For over 10 years prior to his appointment as a member of the Legislative Council, Farraway was the president of Bathurst Agricultural, Horticultural and Pastoral Association, which runs the annual Royal Bathurst Show.

In 2015 he won the young entrepreneur of the year at the Carillon Business Awards.

Political career
In 2007, Farraway met Kerry Bartlett, the then-federal Liberal MP for Macquarie, prior to the 2007 federal election. Farraway helped out in Bartlett's election campaign, by being the booth captain, packing booth kits, manning pre-polls, and had a picture of Barlett's face on his car for five weeks. Bartlett ultimately lost his seat at the election.

Three years later, in 2010, Farraway met John Cobb, the then-federal Nationals MP for Calare, prior to the 2010 federal election. Again, Farraway helped out with the election campaign and became the booth captain, performing the same tasks as he did for Bartlett's campaign. Cobb comfortably retained his seat in the election. In 2012, 18 months after the election, Farraway joined the Nationals after Cobb's recommendation.

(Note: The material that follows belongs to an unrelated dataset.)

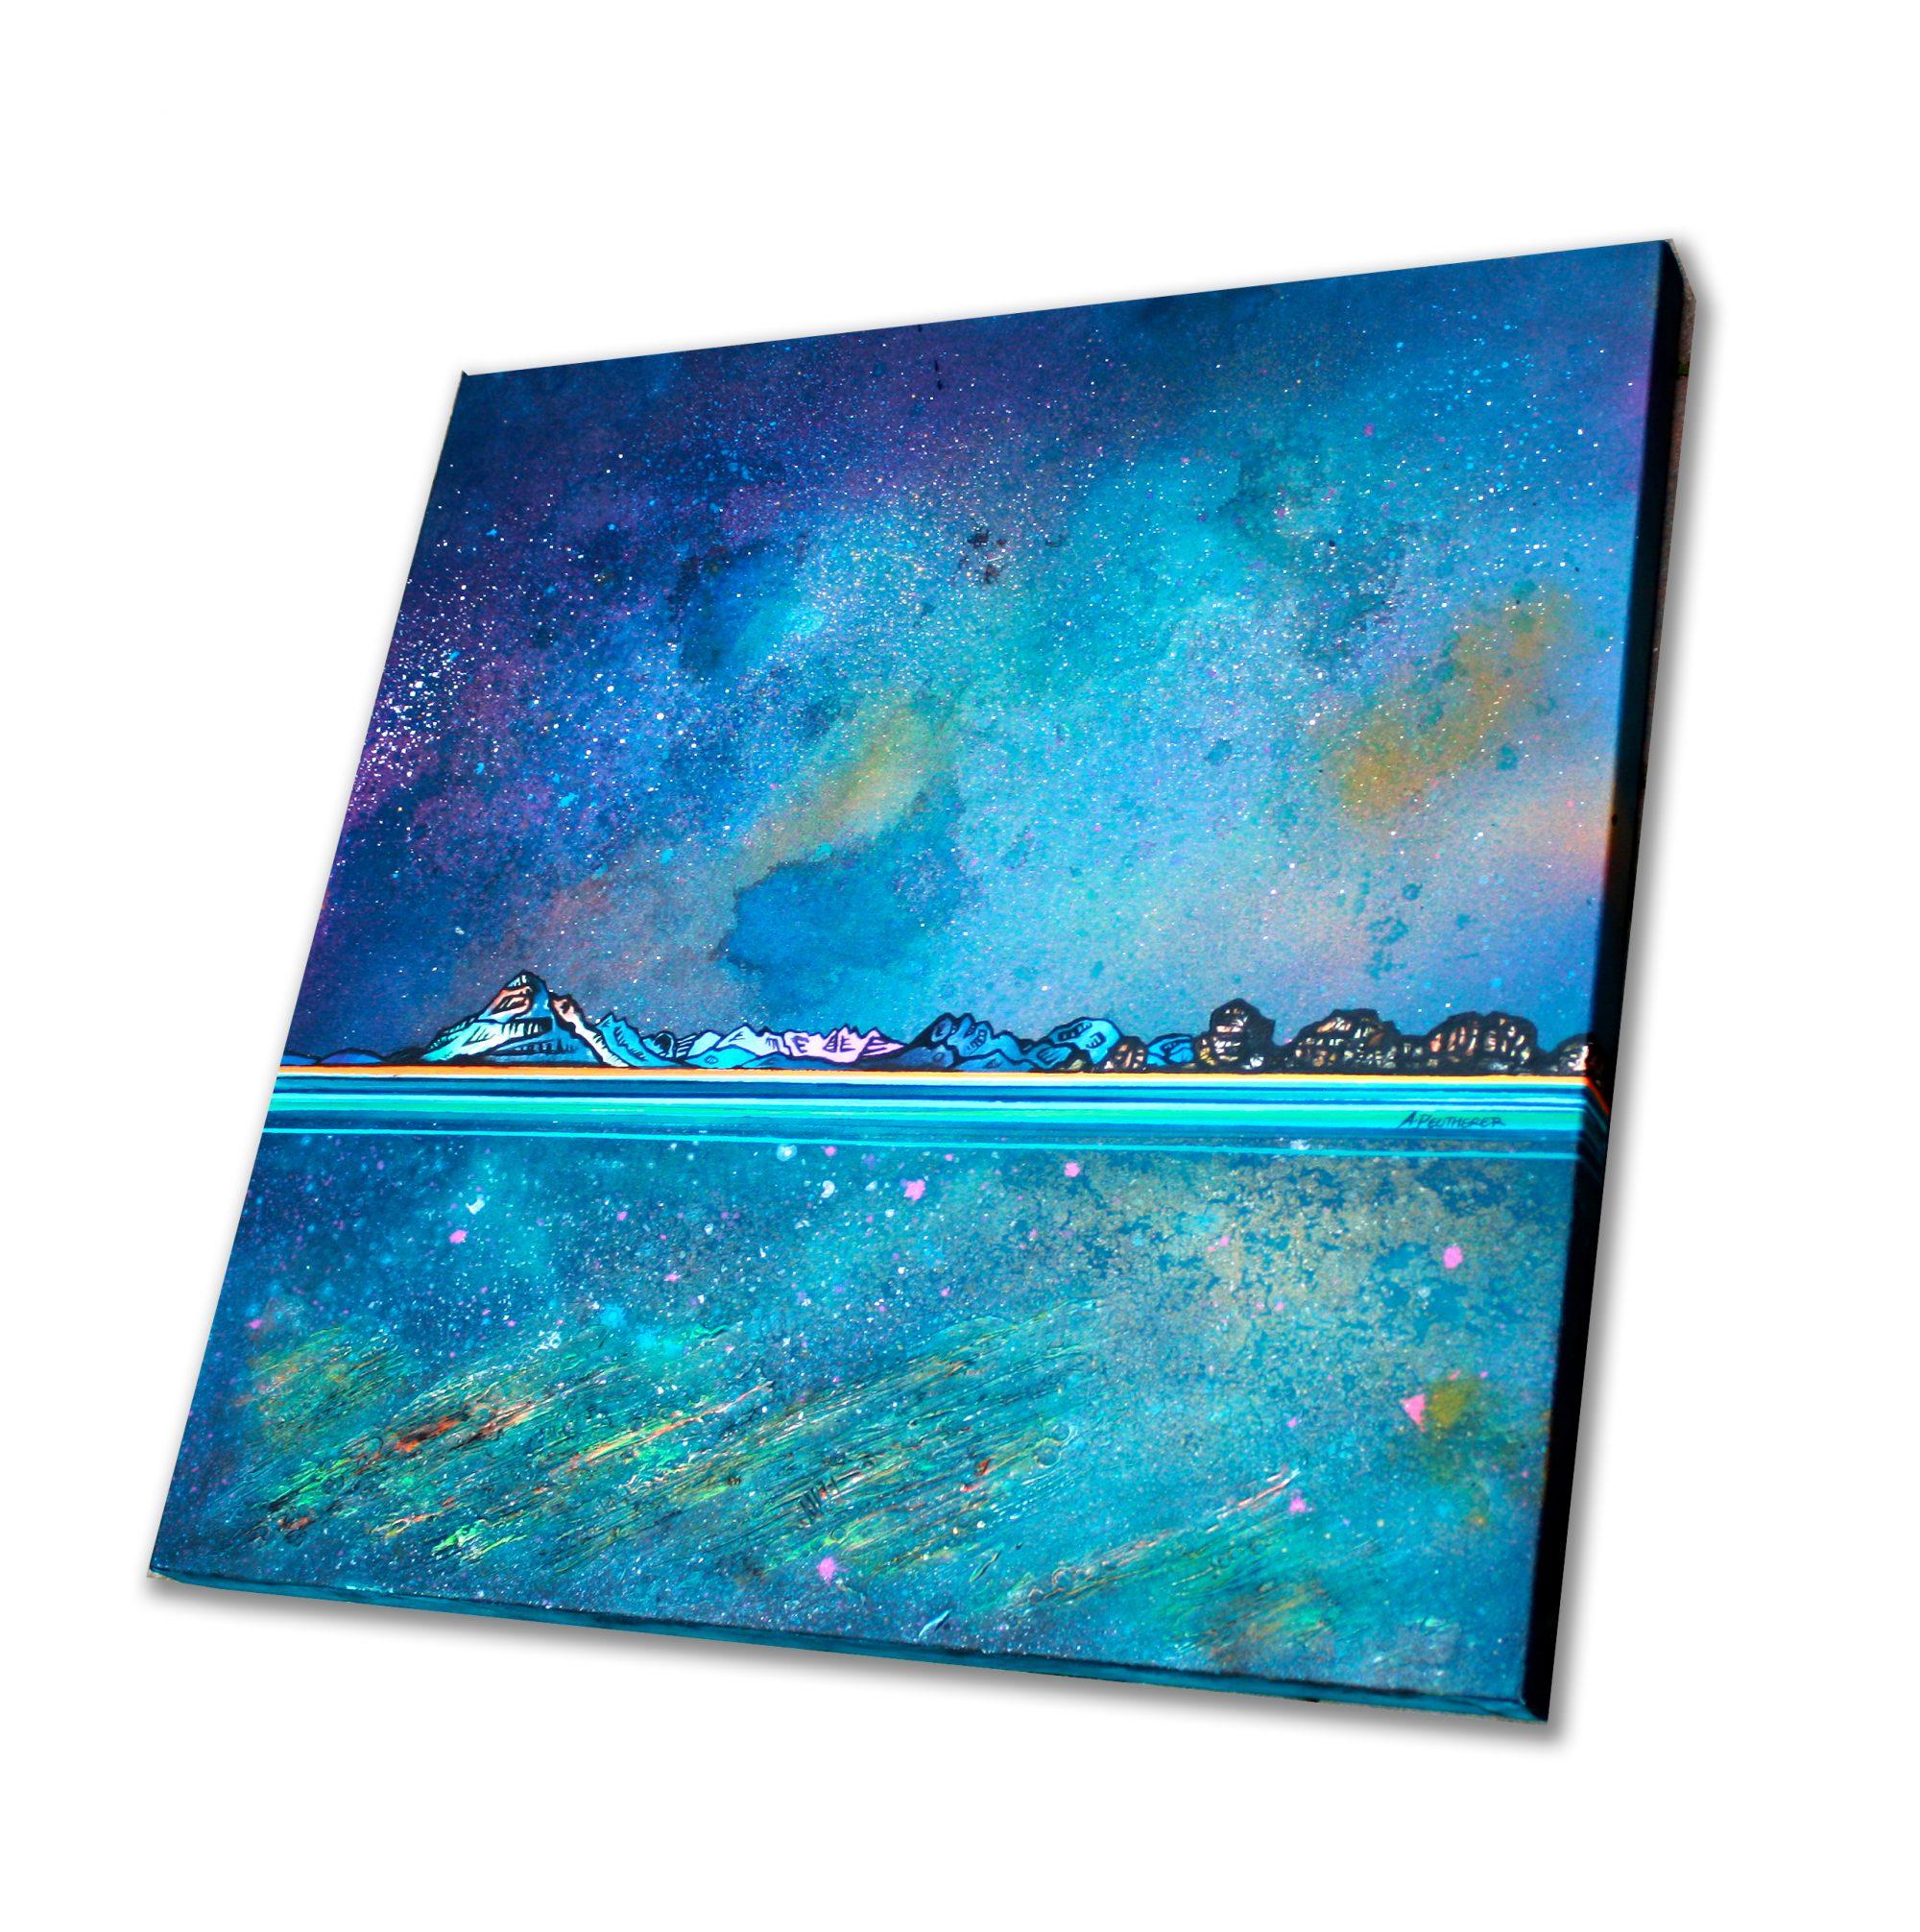 Skye , Cuillin- Original painting on canvas & art prints - Canvas detail - 3D Texture View

After joining the Nationals, Farraway was the chair of the party's Bathurst branch, Bathurst State Electoral Council, Calare Federal Electorate Council, and a central executive member of the party. He was also the campaign manager for Cobb's election campaign in the 2013 federal election and for Paul Toole's election campaign in the 2019 New South Wales state election. , he is also the senior vice chair of the NSW Nationals.

Following Cobb's retirement in February 2016, Farraway unsuccessfully contested the Nationals' preselection for the federal seat of Calare for the 2016 federal election, who was contested by Andrew Gee instead. During the 2019 half-Senate election in May, Farraway contested unsuccessfully as a candidate for New South Wales in an unwinnable 5th position of the Coalition ticket.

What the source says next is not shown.